The self-research of TPU started in 2013, and it was able to be quickly deployed to the data center within 15 months, and at the same time achieve a rapid iteration performance increase. In addition to Google researchers working around the clock, the help provided by another company was also extremely important.
According to a report by J.P. Morgan analyst Harlan Suhr in 2020, the generations of Google TPU v1 to v4 were co-designed by Broadcom. At that time, it had begun producing TPU v4 using the 7nm process and began to cooperate with Google in designing and adopting TPU v5 with 5nm process
Sur said that Broadcom's application-specific integrated circuit (ASIC) business had revenue of US$750 million in 2020, up from US$50 million in 2016. In addition to chip design, Broadcom also provides Google with key intellectual property and is responsible for In addition to steps such as manufacturing, testing and packaging new chips to supply Google's new data centers, Broadcom is also working with other customers such as Facebook, Microsoft and AT&T to design ASIC chips.

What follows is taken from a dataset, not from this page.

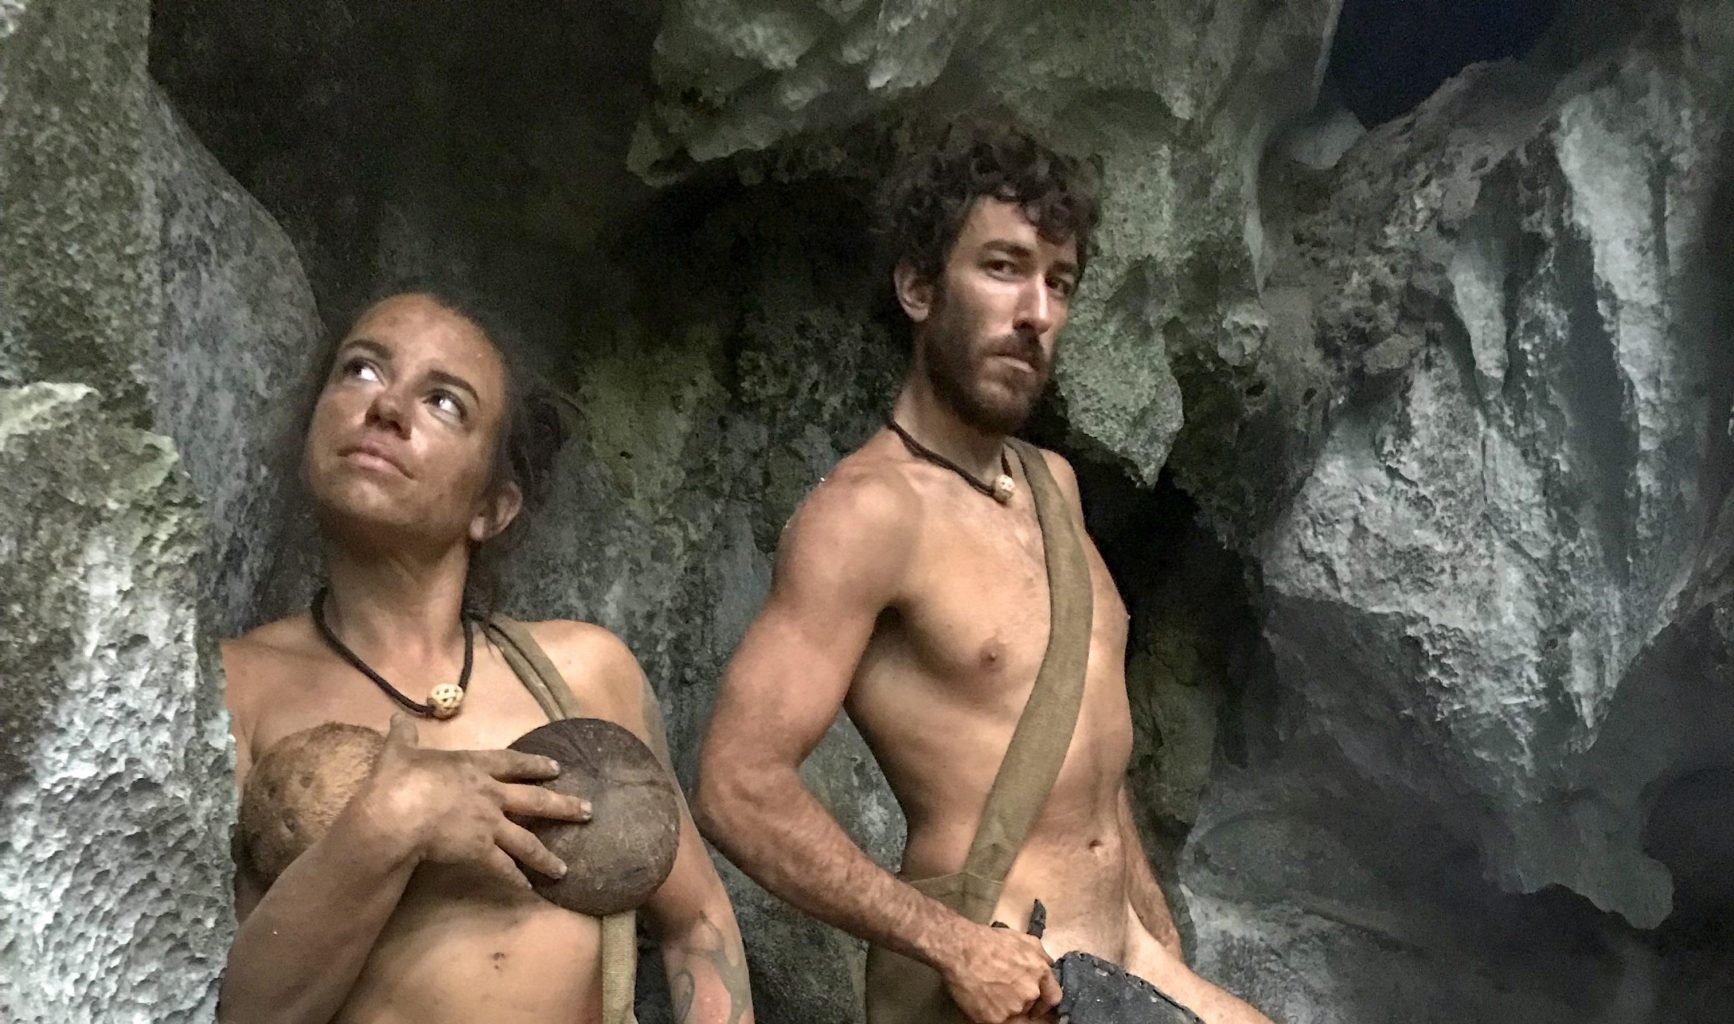 What happened to laura from naked and afraid

According to Broadcom's 2022 financial report, it divides ASIC revenue into two parts: routing and switching and computing offloading. Compute offloading is handled in the data center in two steps. When a compute request comes in, routers and switches decide which part of the data center should handle the work. Once decided, a processor (usually a CPU or GPU, like those designed by Nvidia) does the calculations, which are then sent back to the end user by those routers and switches again over the Internet or private network.
Broadcom is the world's second-largest artificial intelligence chip company in terms of revenue, behind Nvidia, and its ASIC sales amount to billions of dollars, which is the result of Google's increased TPU deployment in response to Microsoft's cooperation with OpenAI. , just one Google TPU has more than quadrupled Broadcom's ASIC revenue. The artificial intelligence tax that Google did not pay to Nvidia went into Broadcom's pocket in another form.

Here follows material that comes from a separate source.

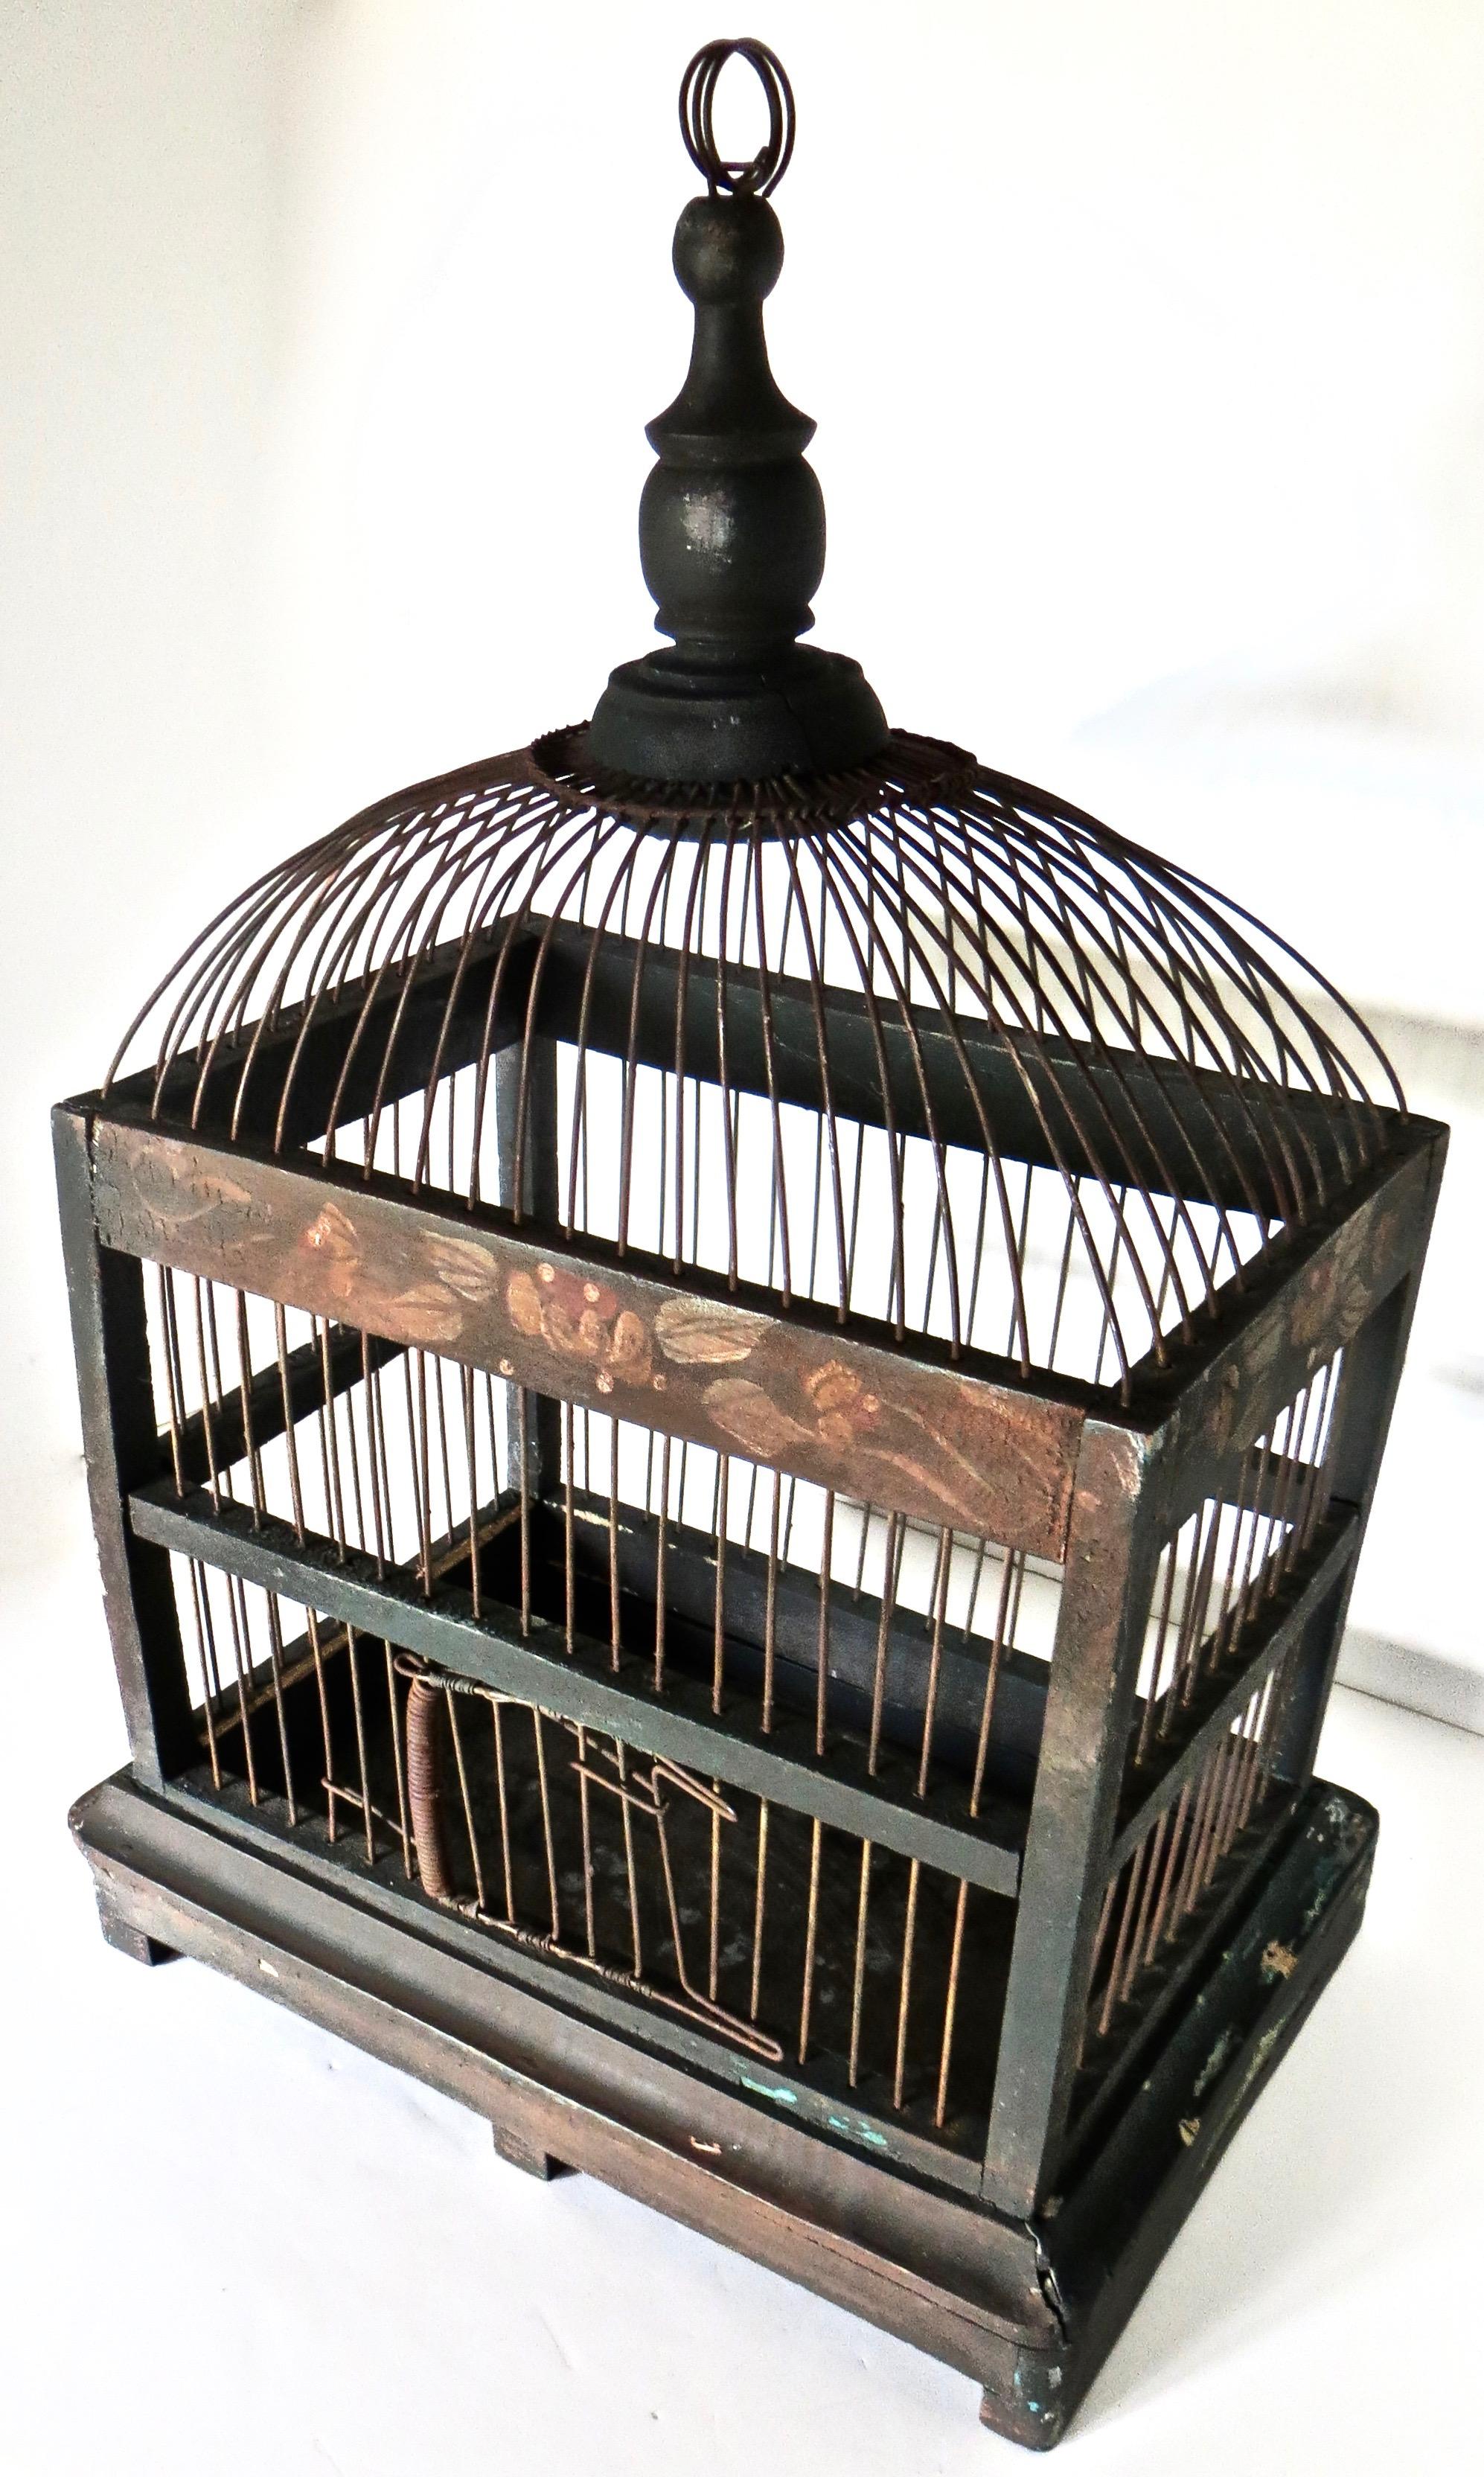 Hand made Folk Art American wire metal and painted wood birdcage, probably from Pennsylvania circa 1905. Having a rectangular body with a dome top; suitable for hanging, or surface decorative presentation, this birdcage is functional albeit it lacks

No matter which company it is, it will not be willing to continue to pay this money. Therefore, in September this year, it was reported that Google was preparing to end its partnership with Broadcom before 2027. Sources said that Google executives have set a Abandoning Broadcom's goal, it began to consider its rival Marvell after the two companies were locked in a months-long impasse over the pricing of TPU chips.

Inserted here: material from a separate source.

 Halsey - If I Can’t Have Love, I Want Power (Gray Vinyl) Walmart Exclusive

Although Google officials later came out to refute the rumors, saying that there are currently no plans to change the cooperative relationship with Broadcom, it is already known that the two companies are at odds in private.
Google made a smart calculation on TPU. When giants such as Microsoft paid obediently, it took out TPU v5p to fight against Nvidia. But what it did not expect was that ASIC cooperation, which was inconspicuous a few years ago, is now It has become the biggest stumbling block on the road to TPU development. As long as the deployment scale of TPU is expanded, Broadcom will have to continue to add money.
Thinking about it this way, the giants can really escape the first grade of junior high school, but they can't escape the fifteenth grade. They can escape the 70% profit of Nvidia GPU, but they can't escape partner companies like Broadcom and Microsoft. They want to develop AI chips. Save money, you will inevitably encounter difficulties like Google today in the future.